ISLAMABAD: The International Monetary Fund’s (IMF) Pakistan mission chief Nathan Porter met with Finance Minister Mohammad Aurangzeb in Islamabad to discuss the $7 billion loan performance, a statement from the Finance Ministry said.
The meeting comes a day after the opening of an unplanned official visit of the IMF to the country, led by Porter. The unscheduled visit of the IMF mission chief comes four months ahead of the first review under the new $7 billion Extended Fund Facility (EFF) granted to Pakistan by the global lender in September.
The visit is “unusual” and comes months ahead of the first EFF review which is due in the first quarter of 2025, according to Reuters.The ministry and the IMF have not officially released details of the visit.On Monday, Pakistan authorities stuck to budgeted revenue targets and promised to overcome first-quarter shortfalls through enforcement and administrative measures.
Informed sources told Dawn that the visiting fund staff initiated discussions on the revenue situation with the Pakistani team.
The mission will stay here until Nov 15 “to discuss recent developments and programme performance to date”, according to informed sources. “This mission is not part of the first review under the extended fund facility (EFF), which will be no earlier than the first quarter of 2025,” they said.
Under the programme modalities, the IMF and Pakistan authorities are required to hold biannual review meetings.
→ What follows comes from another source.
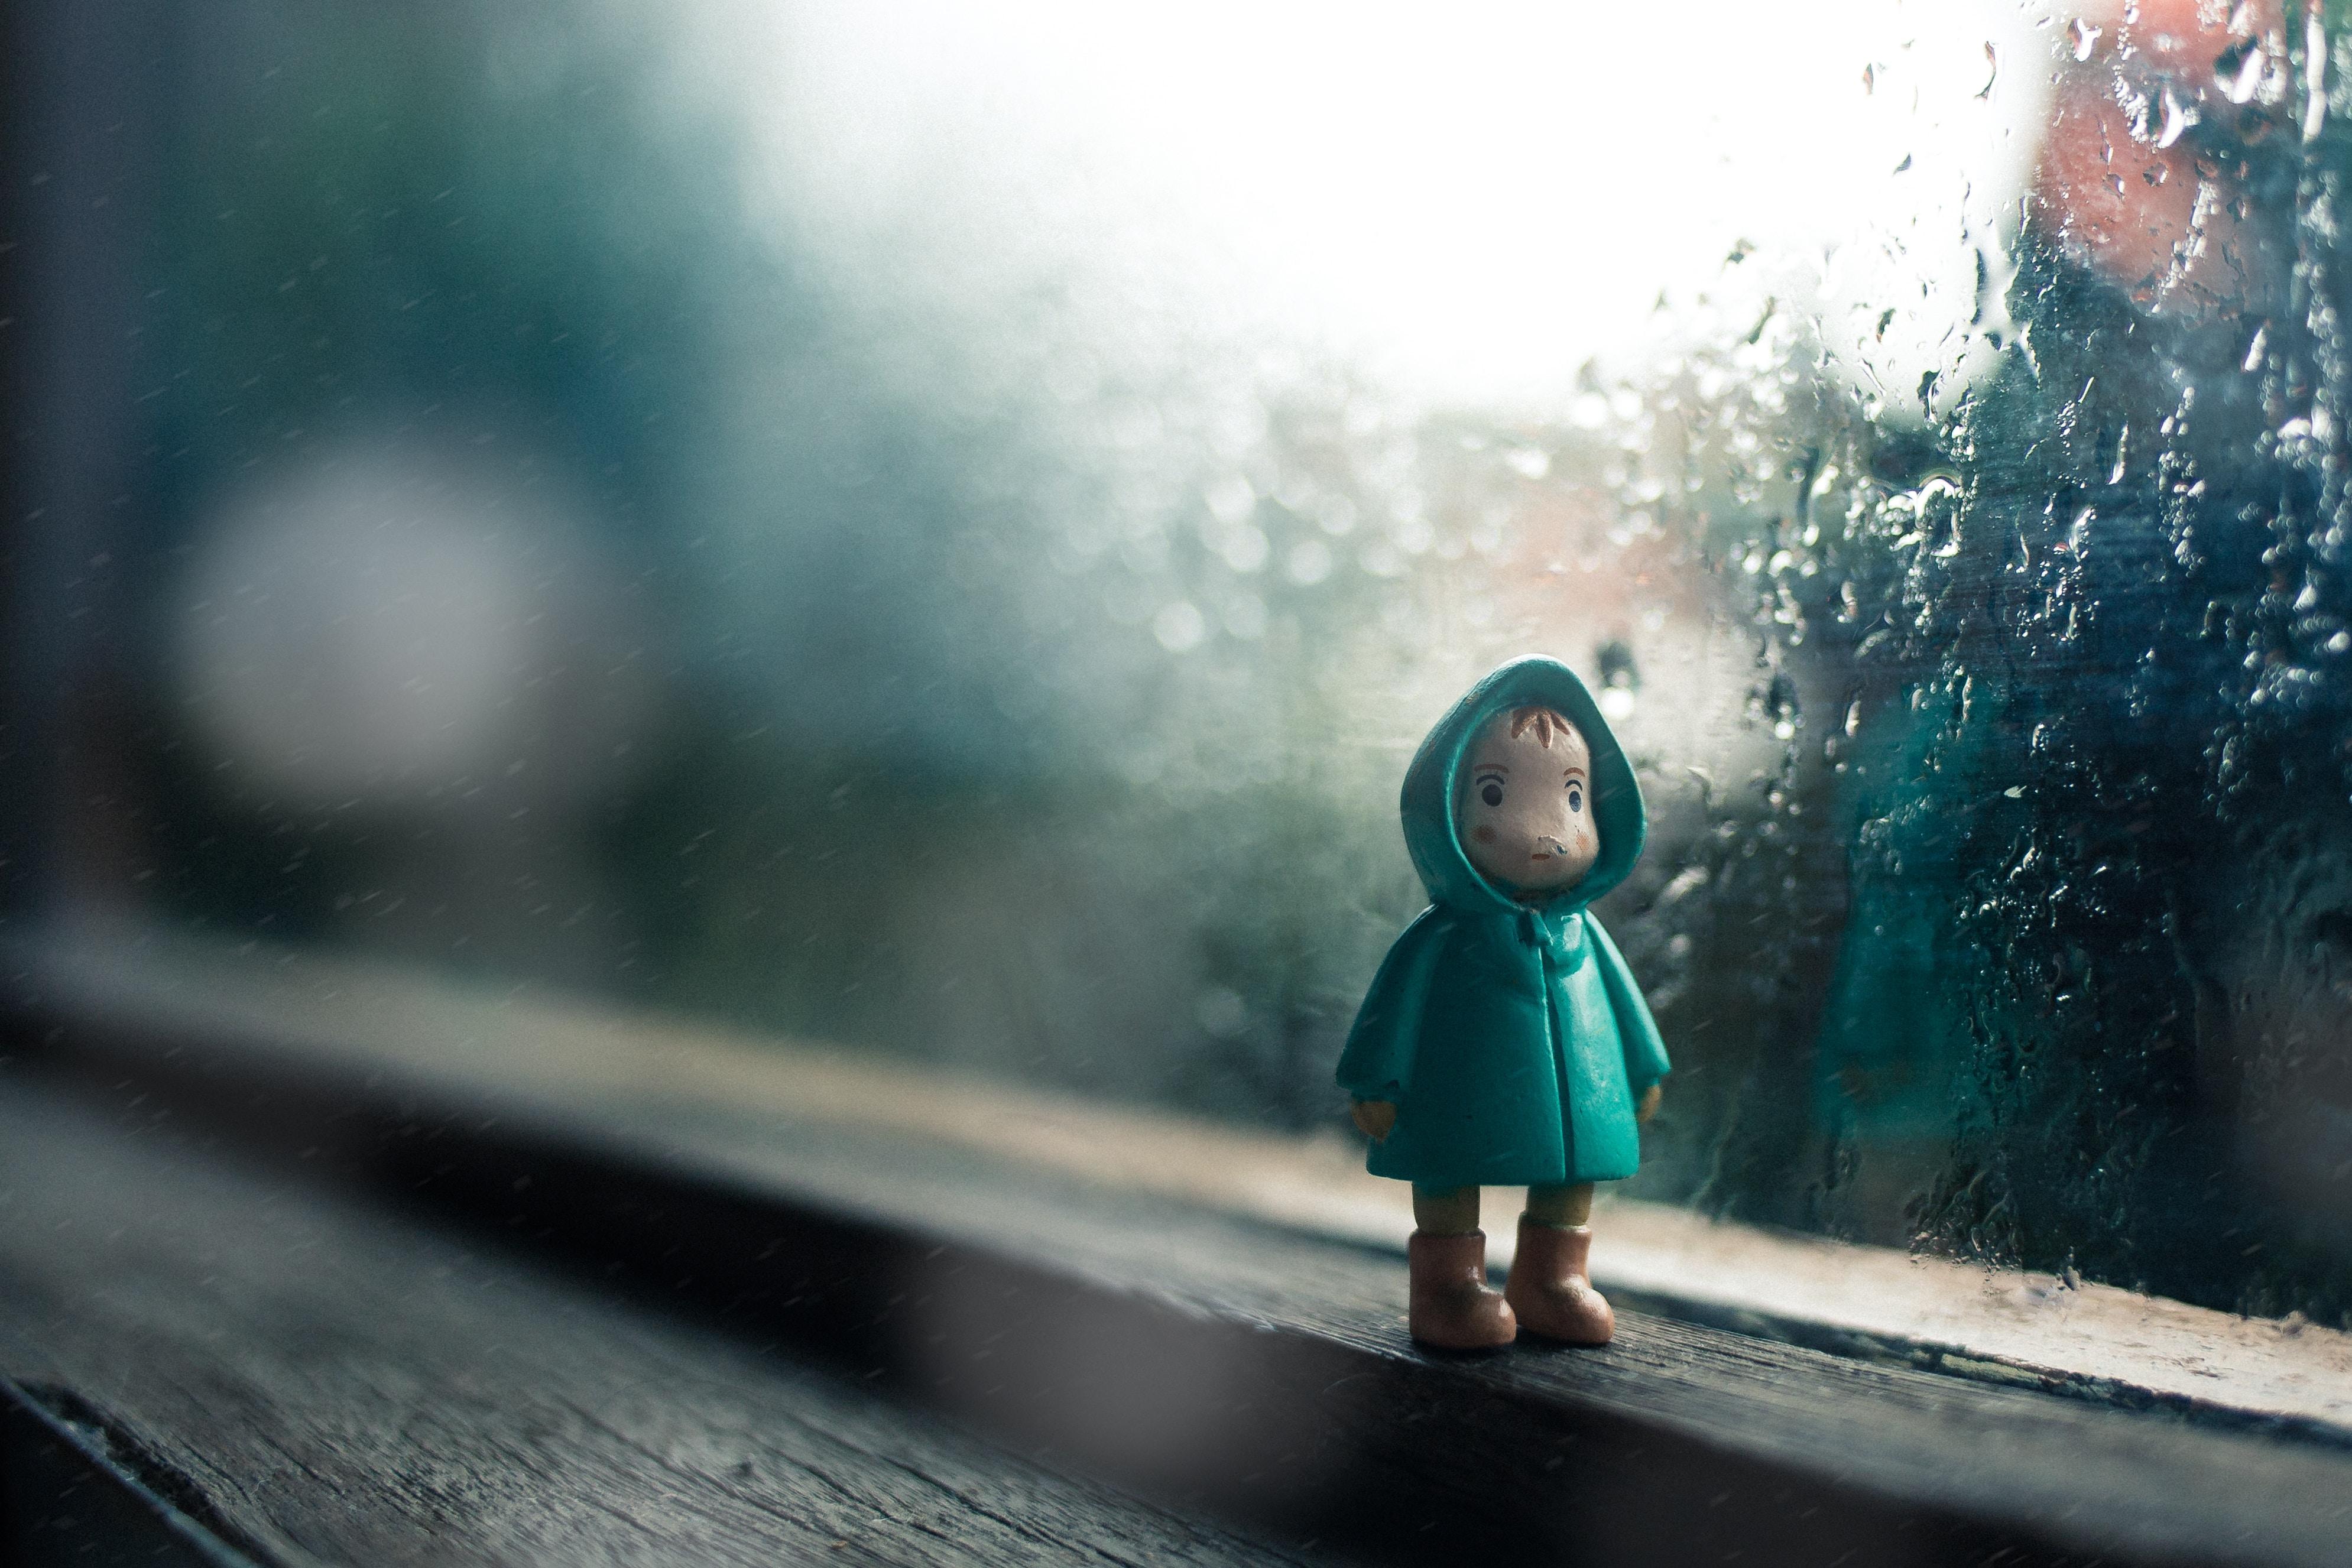 """When it Rains"" sadness stories"

As such, the first formal review has to take place on the basis of end-December 2024 performance for Pakistan to qualify for disbursement of a second instalment of over $1bn by March 15, 2025. The $7bn programme is divided into six biannual reviews for equal tranches of $1bn each.
The sources said the Pakistani side updated the visiting mission about Rs190bn revenue shortfall in the first four months, almost half of which accrued in October alone. This had raised alarms in the lenders’ quarters that revenue shortfall was gradually increasing with the declining rate of inflation.
An unplanned mission was thus rolled out to take stock of the situation, not only at the revenue front but also on the privatisationprogramme that met with a setback at the botched sale of Pakistan International Airlines, raising a question mark over the prequalification of bidders and privatisation strategy on a whole.